[cars name="Volkswagen"] is desperate to have a player in the near-luxury market to battle cars such as the Acura TL. The eight-cylinder W8 version of the last-generation Passat was a failure. The current Passat sedan doesn’t cut it, either, because it no longer feels like a bargain Audi (as did its predecessor), and it doesn’t drive as keenly as other German sedans. VW nonetheless wants to move upmarket and keep customers from leaving the brand, but so far, it has had little luck in doing so. Its upcoming Routan, a rehash of Chrysler‘s minivan, is one attempt to retain VW buyers, and the four-door, four-seat version of the Passat you see here is another.
The “comfort coupe” (hence the CC name) is slightly longer and wider than the Passat sedan and is two inches lower. Open the doors, and you’re greeted by four bucket seats. Rear-seat comfort is very good if you’re not much taller than six feet. Surprisingly, trunk space doesn’t take a hit, and folding rear seats are retained. A relatively large sunroof is optional, but it only tilts; we’d like to see a full-length glass roof, which could enhance the car’s upmarket aspirations while adding light to the rear of the cabin. An excellent new touch-screen navigation system and an impressive 600-watt Dynaudio stereo with a 30-gigabyte hard drive are also optional.
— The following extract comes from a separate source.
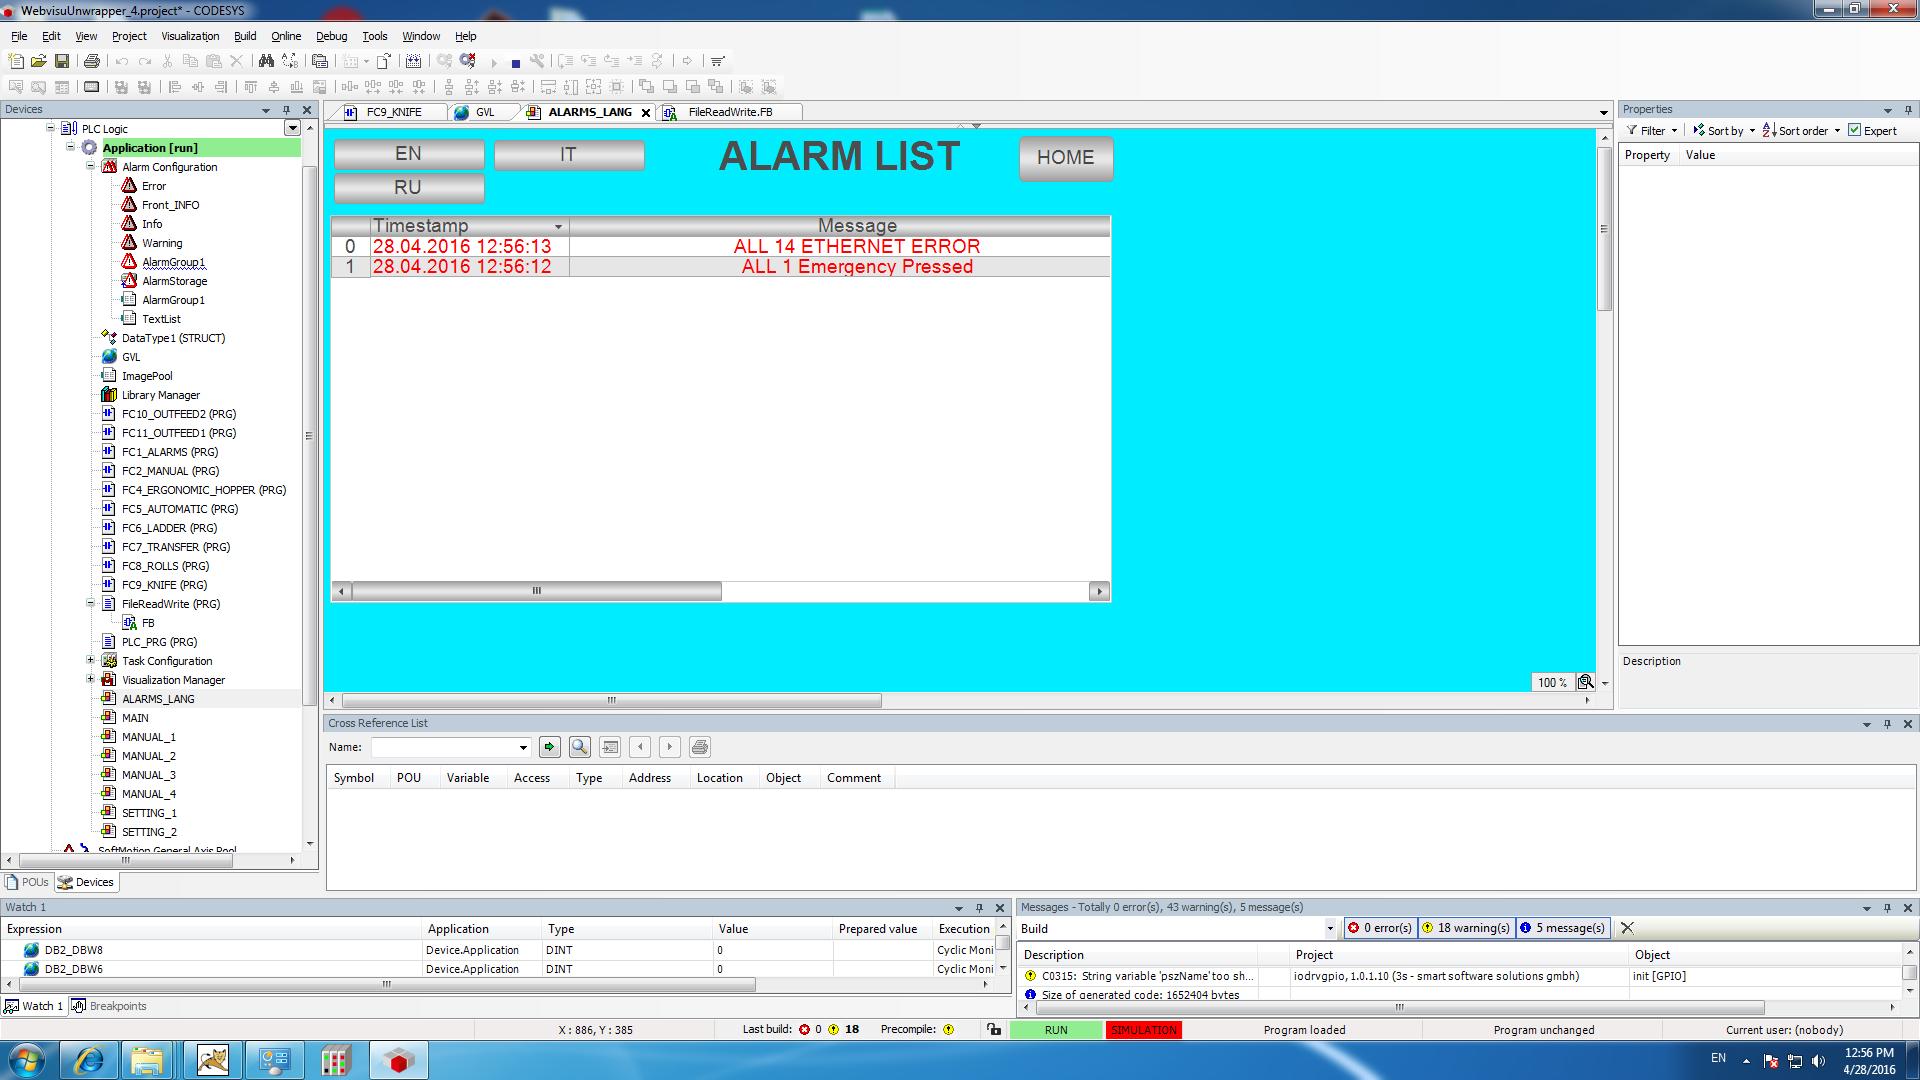 IMG: Alarm_list.png

Some other new technologies will not come to America. The most notable of these is Lane Assist, which uses a small camera in the windshield to read road markings; at speeds above 40 mph, the CC will actively turn the steering wheel, keeping the car in its lane. It works well and is smooth and unobtrusive. To answer your next question – no, you can’t just sit there and read the morning paper while you’re heading down the highway, because the system turns off when you remove your hands from the wheel. Not surprisingly, VW of America says that Lane Assist hasn’t earned the approval of its legal department.
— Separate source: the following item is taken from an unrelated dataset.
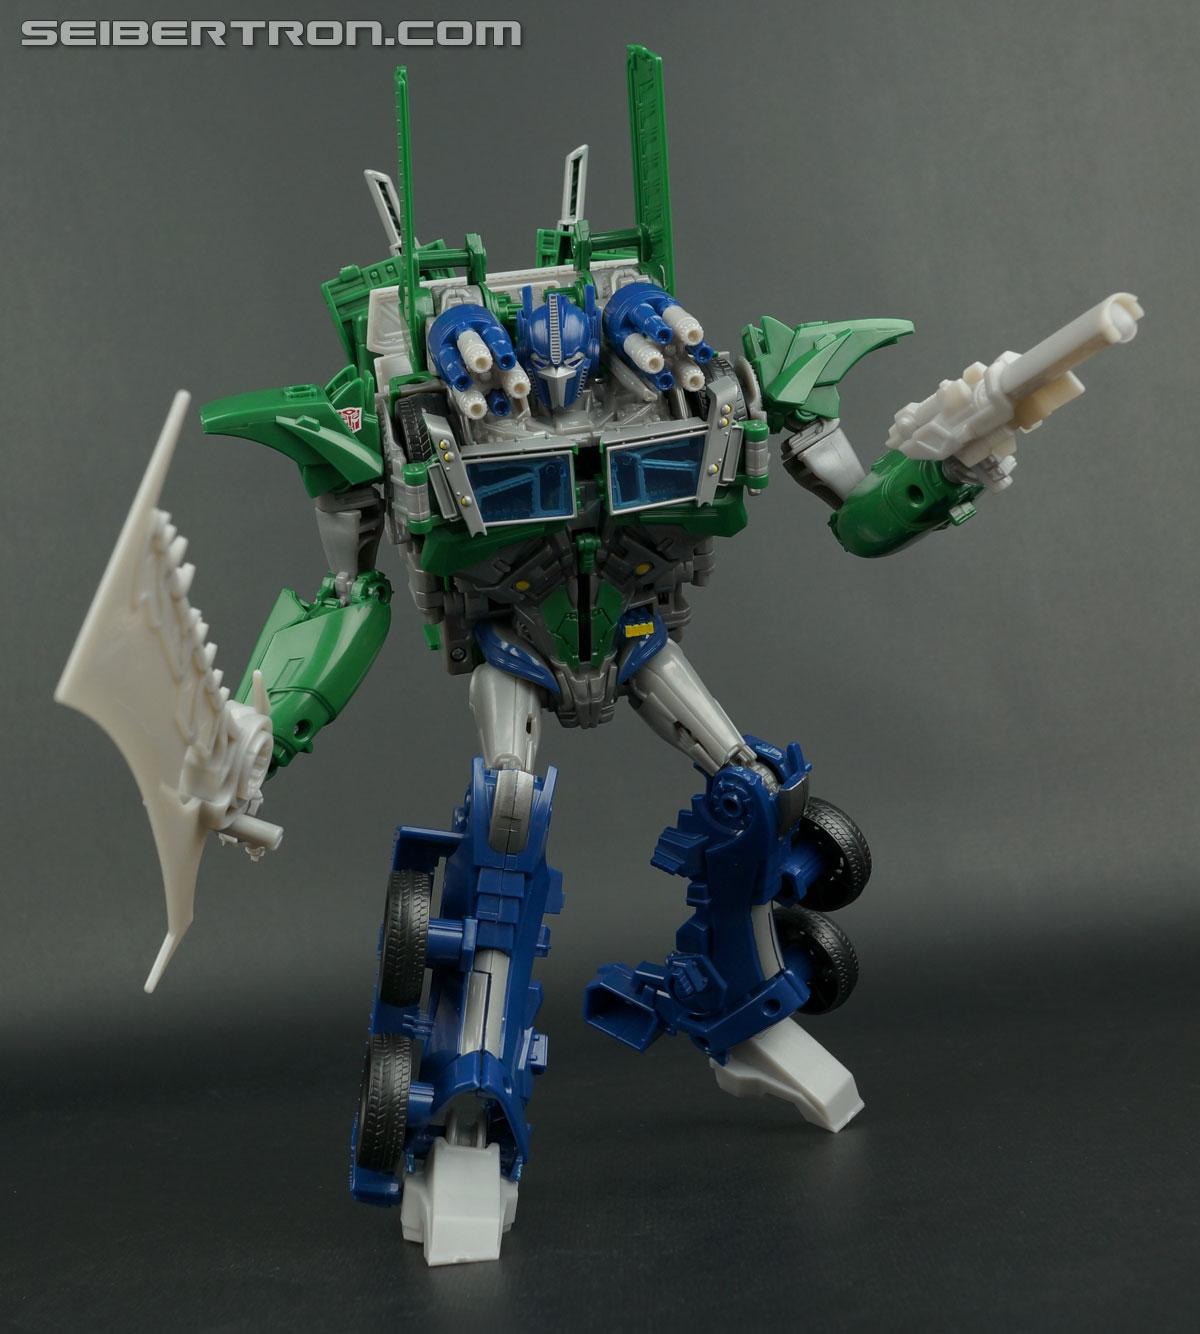 Transformers Prime Beast Hunters Beast Tracker Optimus Prime (Image #129 of 179)

We spent most of our test drive in a German-market, top-spec CC equipped with VW’s 300-hp VR6, a dual-clutch automatic (DSG), and the new, more advanced 4Motion all-wheel-drive system. As with the U.S.-spec Passat sedan and wagon, we’ll get a slightly detuned (by 20 hp) version of this engine hitched to a conventional automatic and either front- or all-wheel drive. U.S. buyers also can choose a 2.0-liter turbocharged four-cylinder engine with either a manual or an automatic sending power to the front wheels. VW maintains that, in larger vehicles, Americans prefer the more sedate nature of a regular automatic to the sporting focus of a dual-clutch gearbox.
Get behind the wheel of the CC, and within a few miles, it’s clear that this is no ordinary Passat. While hardly a sport sedan, the CC has a smooth, elegant demeanor when it’s driven below six- or seven-tenths. It is also buttoned-down, with good body control, even at speeds above 120 mph. Where the regular Passat always feels like a family car, the CC has a special air about it, and its extroverted design inspires onlookers to stare and to whip out camera phones, even in a typically reserved country like Germany. Final driving impressions will have to wait until U.S.-market cars are available, since our Euro test vehicle featured three-way adjustable dampers that aren’t coming to America.
In the end, the CC is VW’s best effort yet to retain near-luxury customers, especially when you consider the car’s pricing. The base, 2.0-liter turbo CC will start at about $27,000 when sales begin this fall. The four-seat Passat might not reward the keen driver (we don’t see GTI owners graduating to the CC), but we can’t name another four-door car that offers this much curb appeal for the price.